The bridge between them is the fact that W_eff at active positions
equals W — so any group quantization of |W| is just standard
weight quantization applied to the surviving weights.

---

## The Question: Is Ternary Actually Applied?

Config E's effective forward weight is W_eff = |W| ⊙ T.

At active positions this equals W itself. So is ternarization
even happening? Yes, but subtly:

1. **Forward pass**: The STE ternarizes W into T ∈ {-1, 0, +1},
   then re-scales by |W|. The result at active positions is W.
   But the **sparsity mask** (which positions are zero) IS the
   ternary structure. T determines shape, S determines magnitude.

2. **Gradient pass**: The STE mask blocks gradient to small weights.
   This IS ternary training — the gradient is zeroed for positions
   below threshold. This is the mechanism that creates sparsity.

3. **Inference packing**: T (the ternary pattern) can be packed at
   2 bits per weight. S (magnitudes) can be quantized per-group.
   This IS ternary inference — just with group scales attached.

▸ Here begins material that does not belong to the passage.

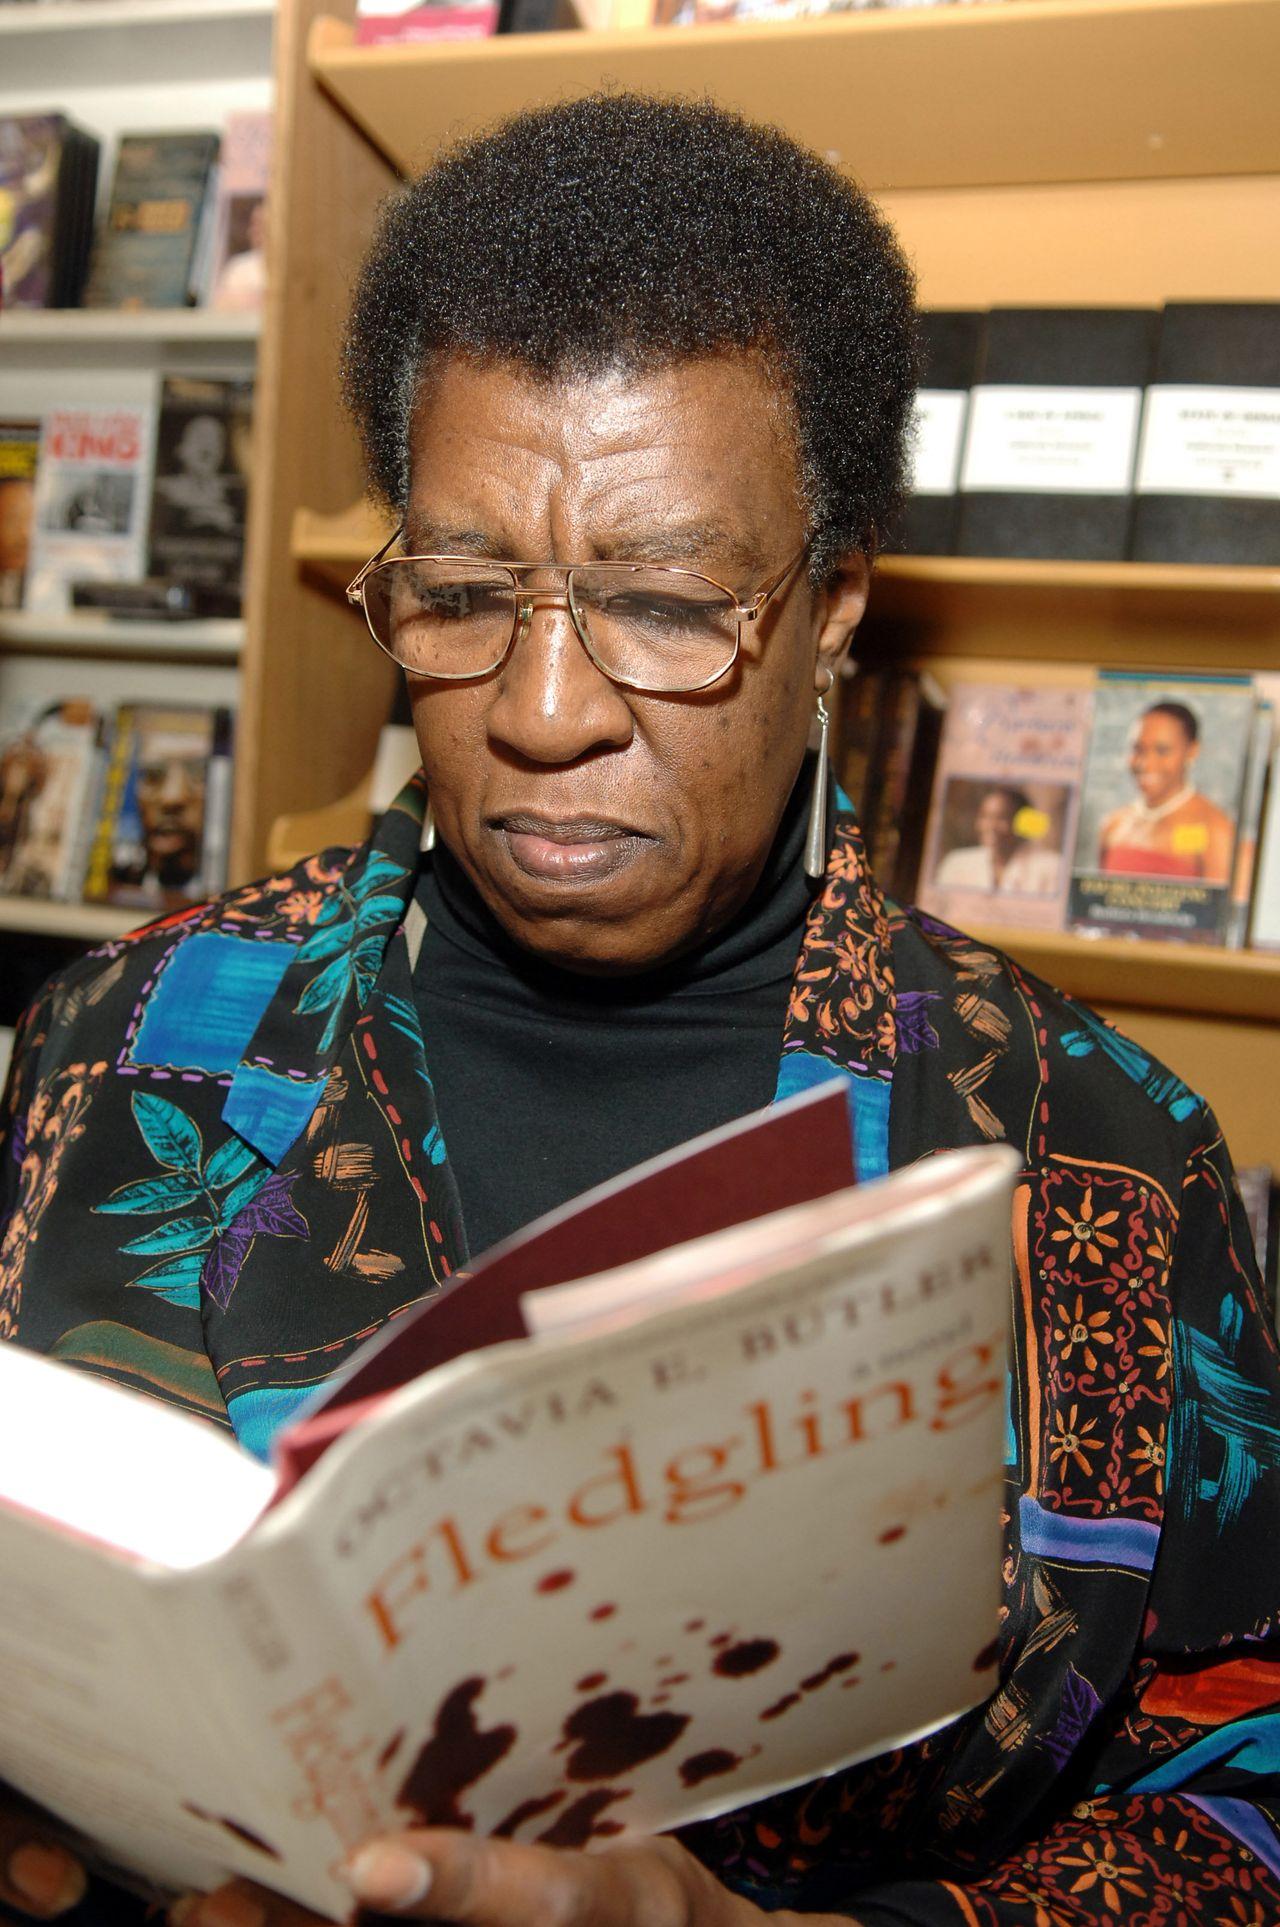 American sci-fi writer Octavia E. Butler (1947-2006).

4. **What Config E is NOT**: It is not a ternary-only matmul in
   training. During training, the matmul uses full-precision
   W_eff values (which equal W at active positions). The ternary
   advantage is realized at inference, not during training.

**The ternary IS the sparsity mask.** The magnitude IS the weight.
Training maintains both in one parameter. Inference separates them.